Reproduce only what runs from the line containing "Iron Eagle F-16" to the line containing "Wool Cushion Cover" in the records below, inclusive. Keep it exact, and keep the pictures out.

→ **Data**:
>>>>
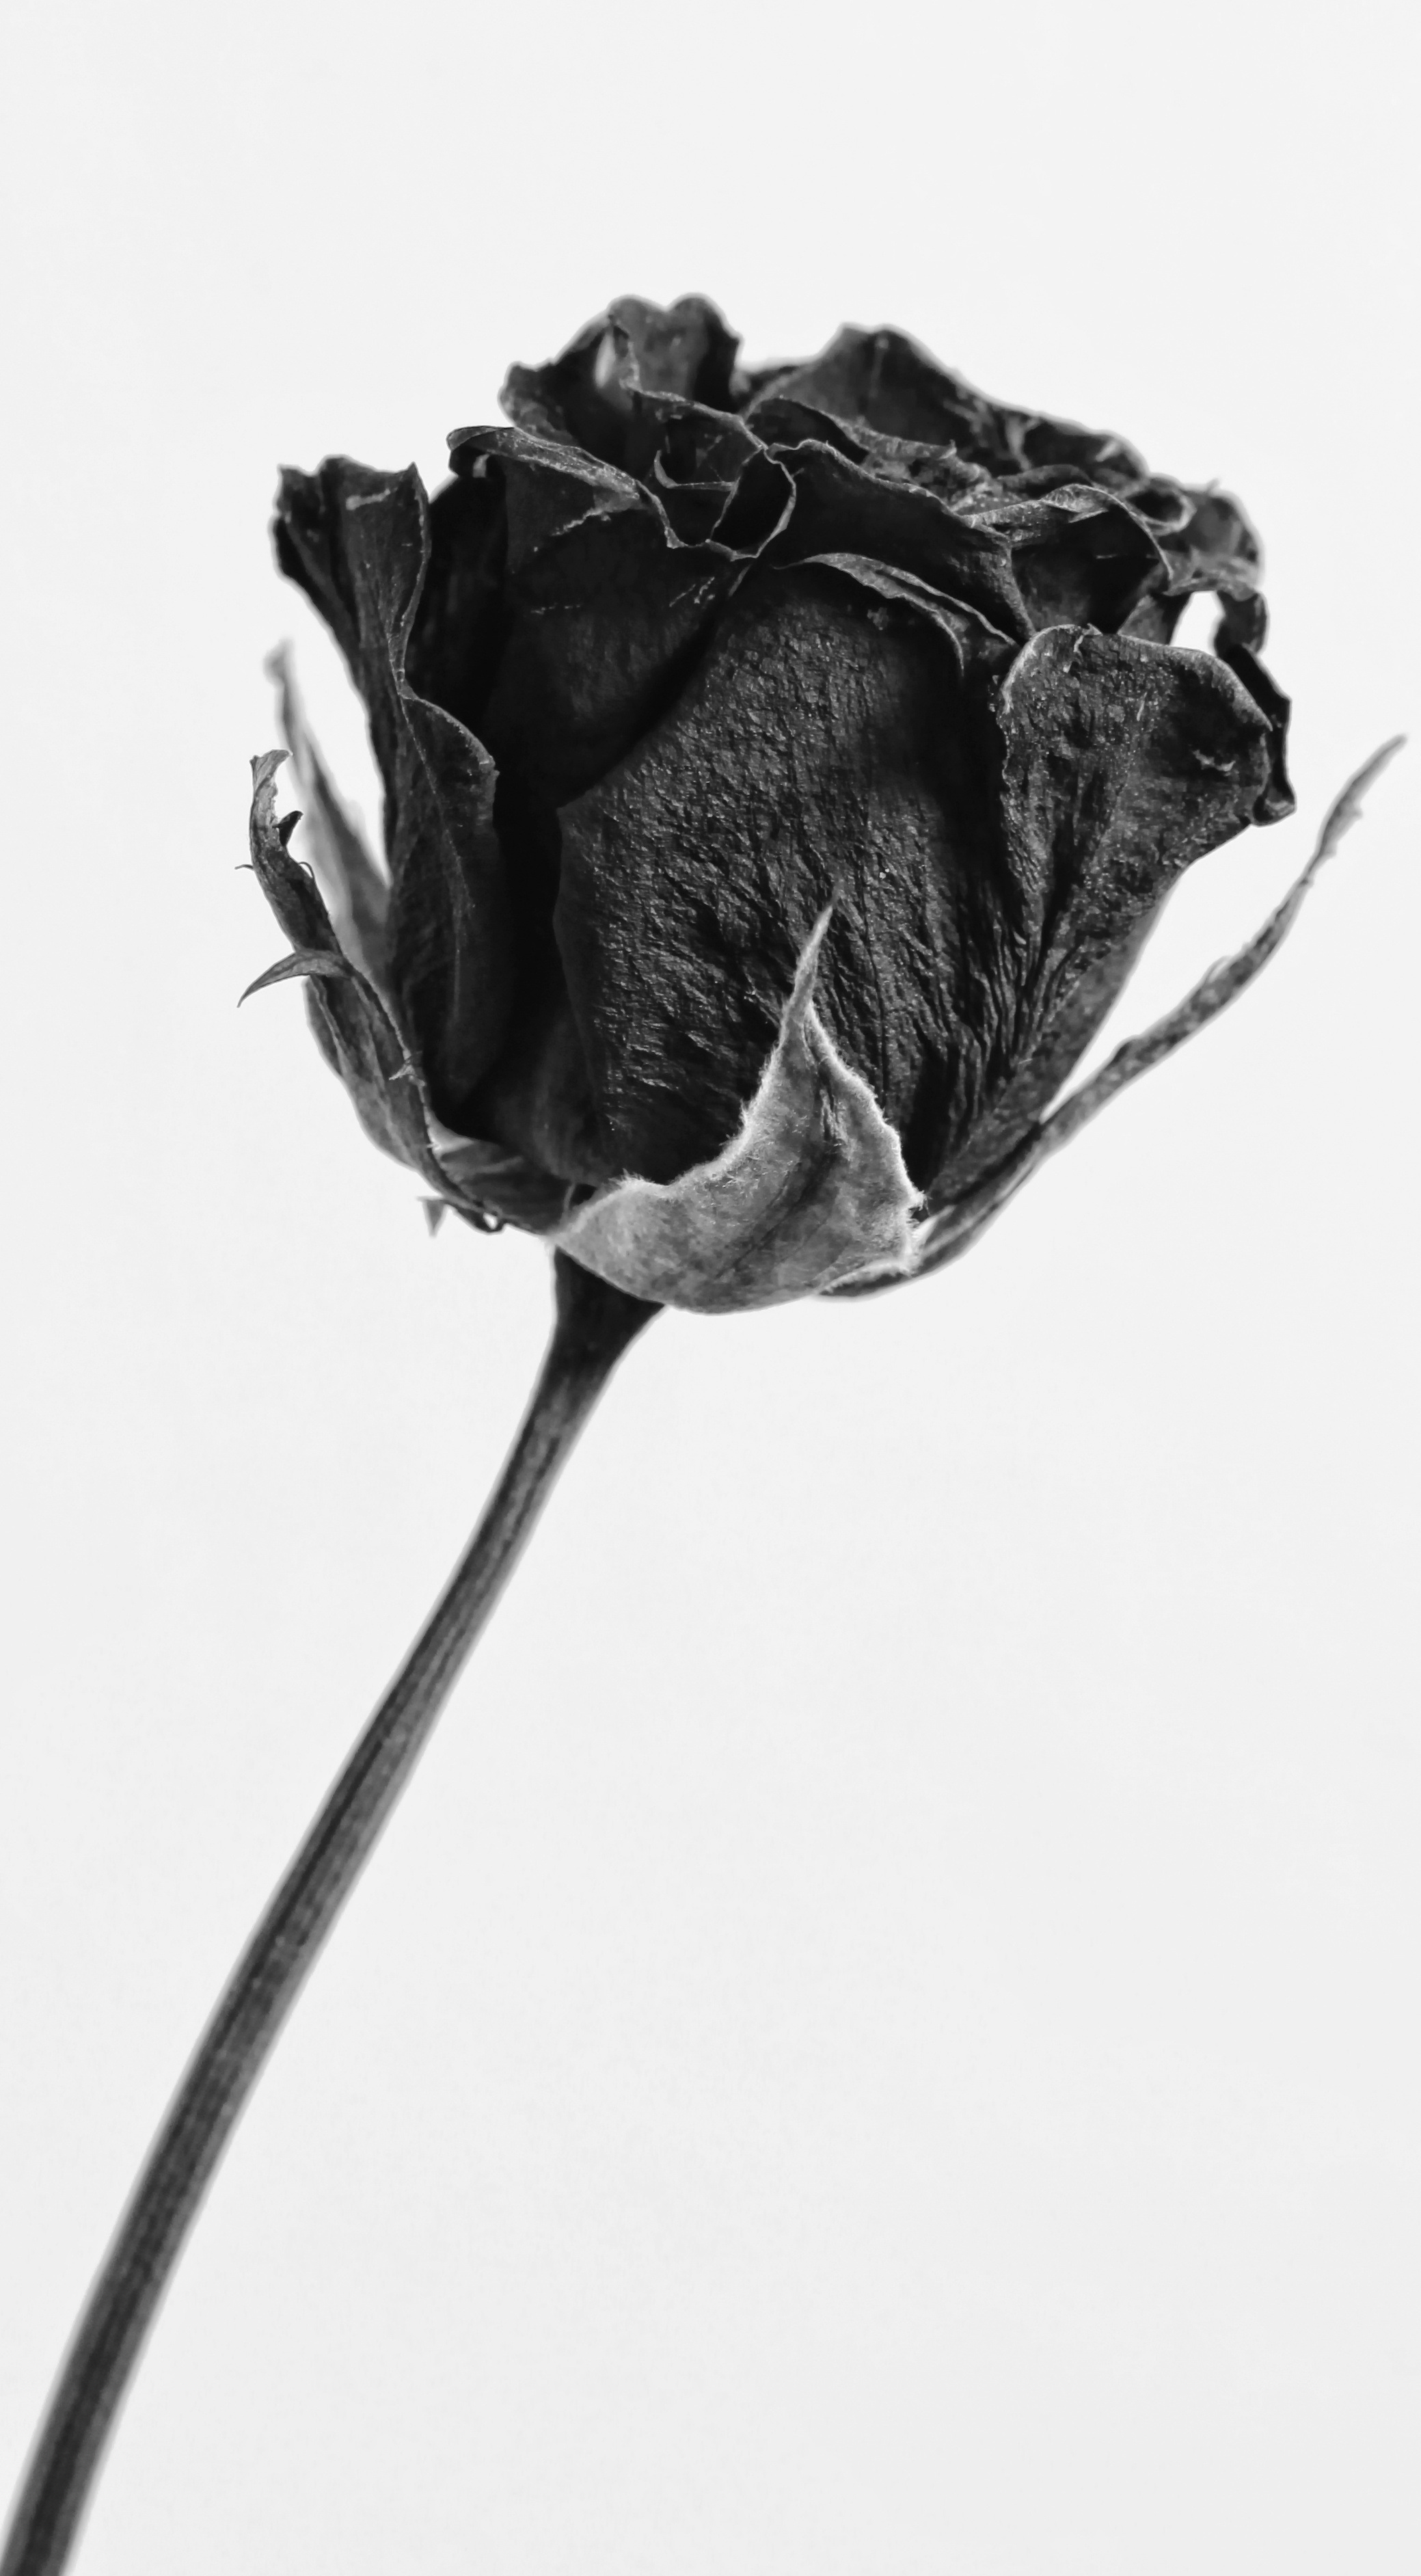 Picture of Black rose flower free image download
<<<<
>>>>
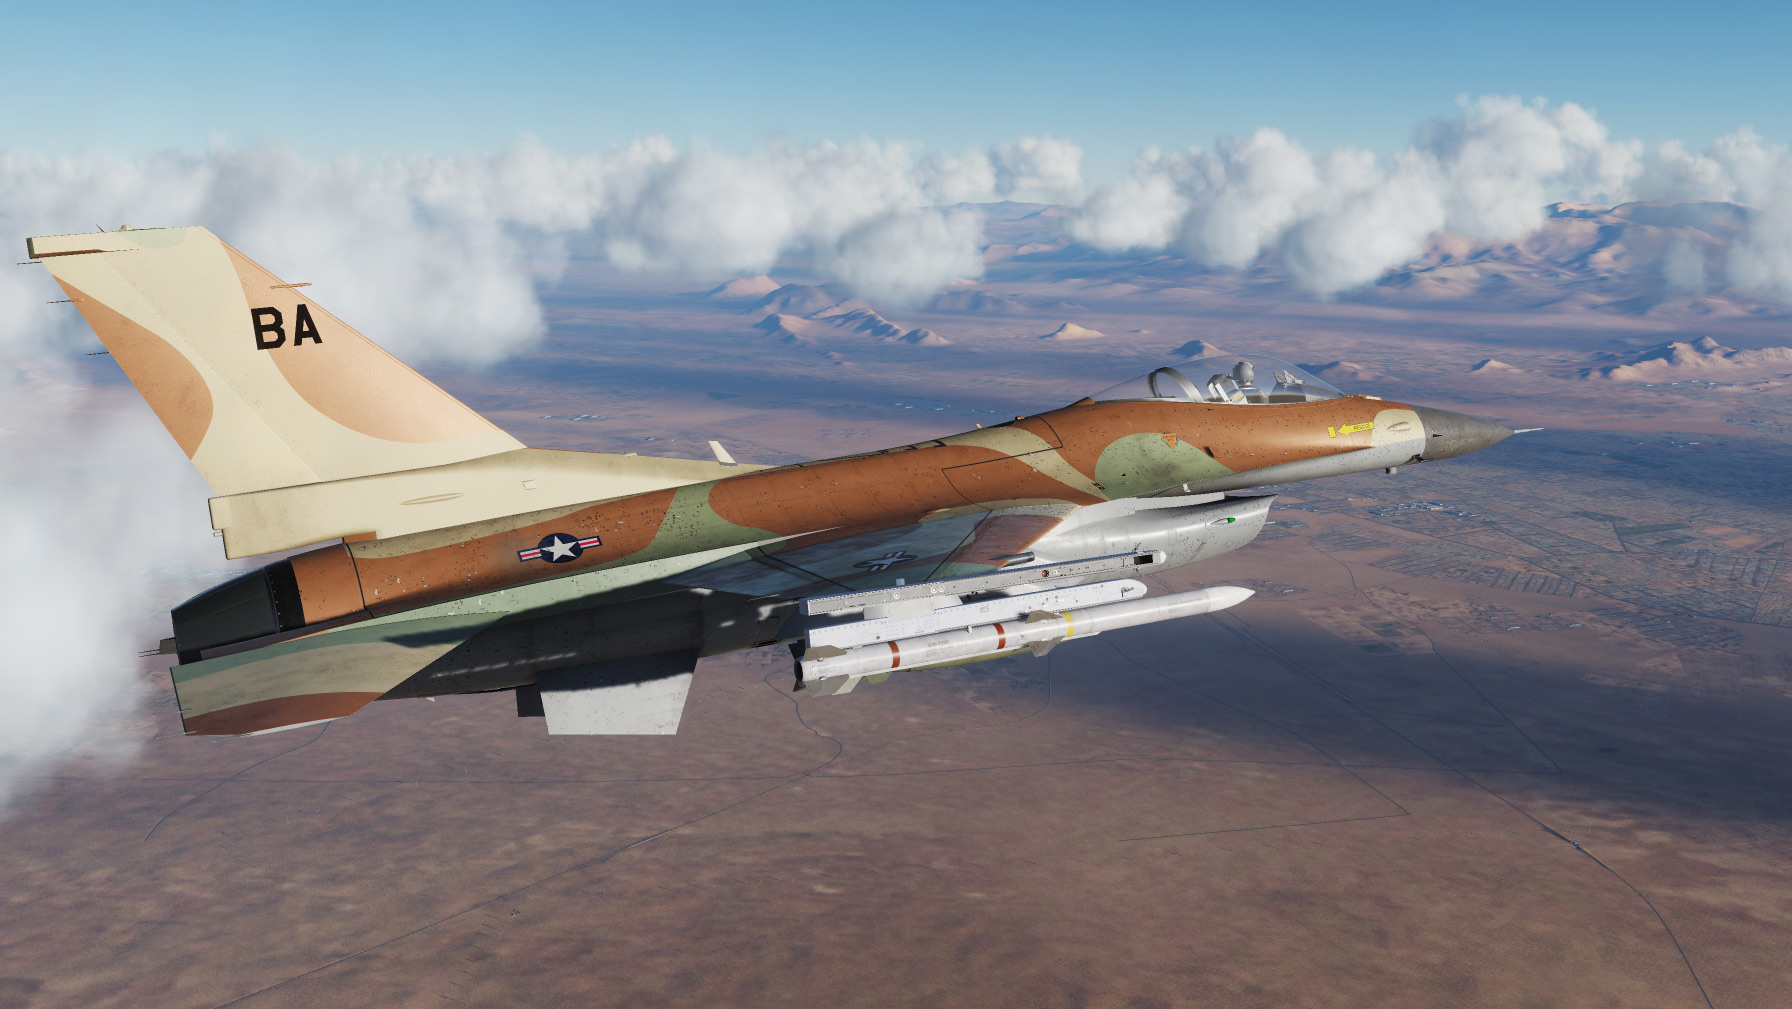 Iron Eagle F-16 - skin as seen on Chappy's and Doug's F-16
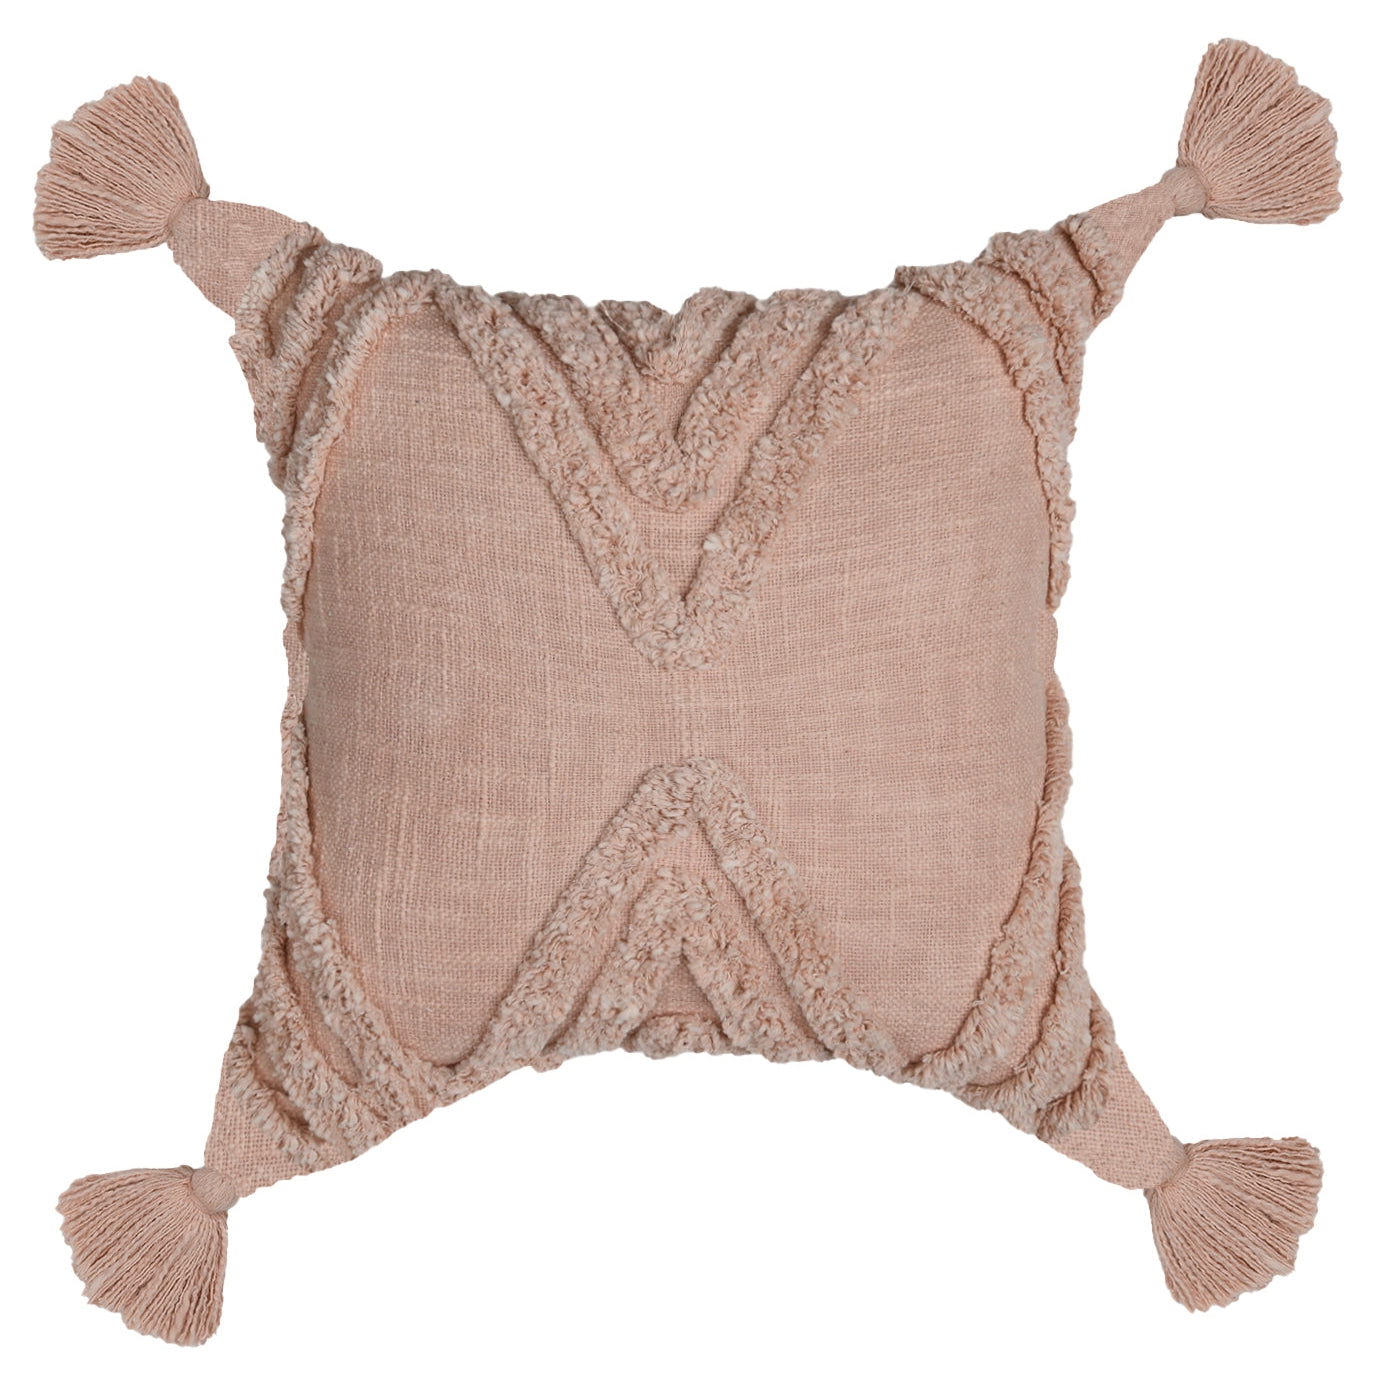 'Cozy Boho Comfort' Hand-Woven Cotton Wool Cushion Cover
<<<<
>>>>
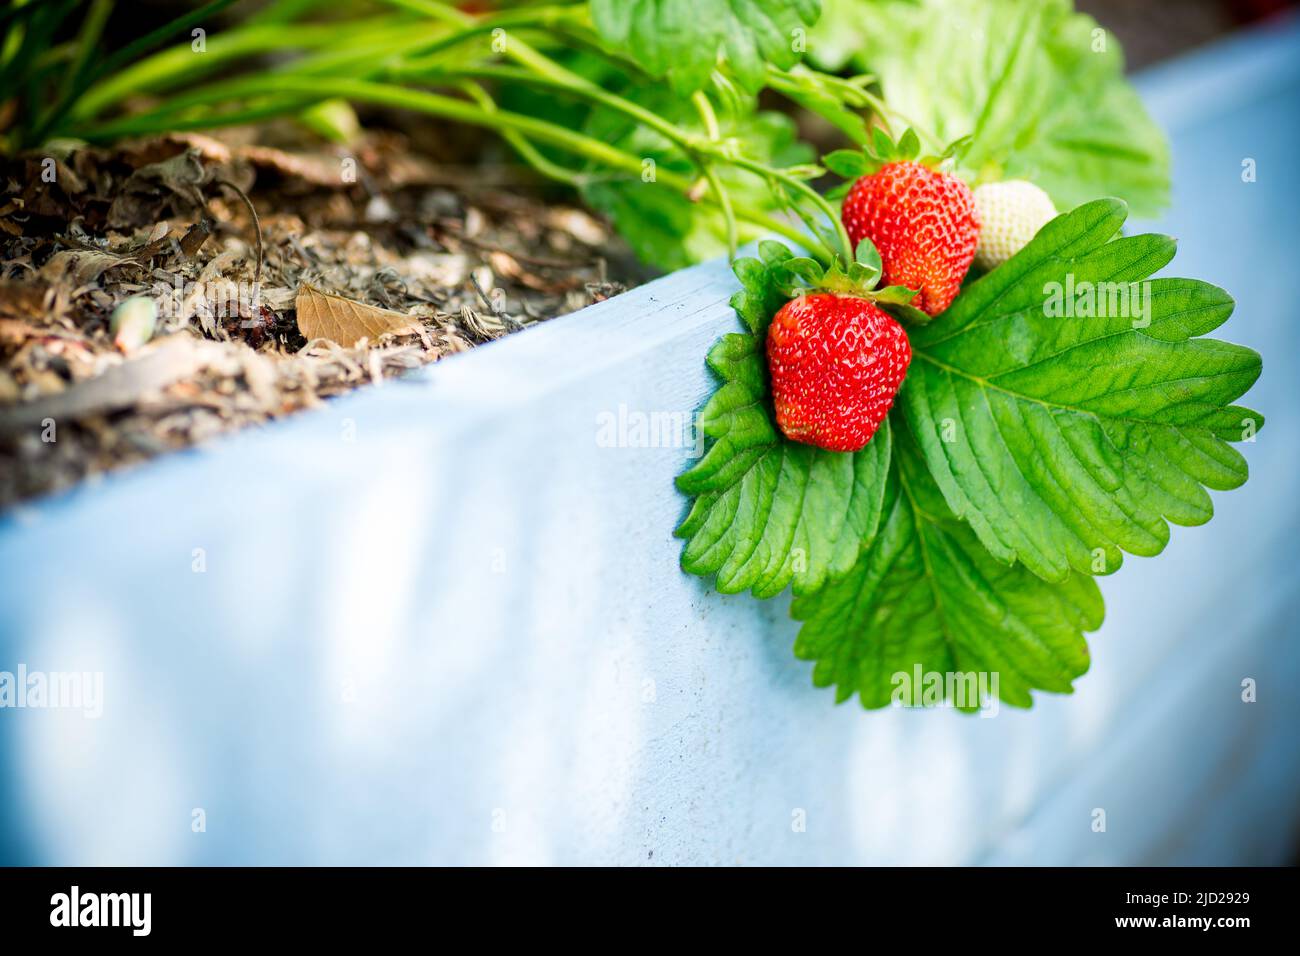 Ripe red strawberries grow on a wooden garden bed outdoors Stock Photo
<<<<
→ **Reply to the task**:
 Iron Eagle F-16 - skin as seen on Chappy's and Doug's F-16
 'Cozy Boho Comfort' Hand-Woven Cotton Wool Cushion Cover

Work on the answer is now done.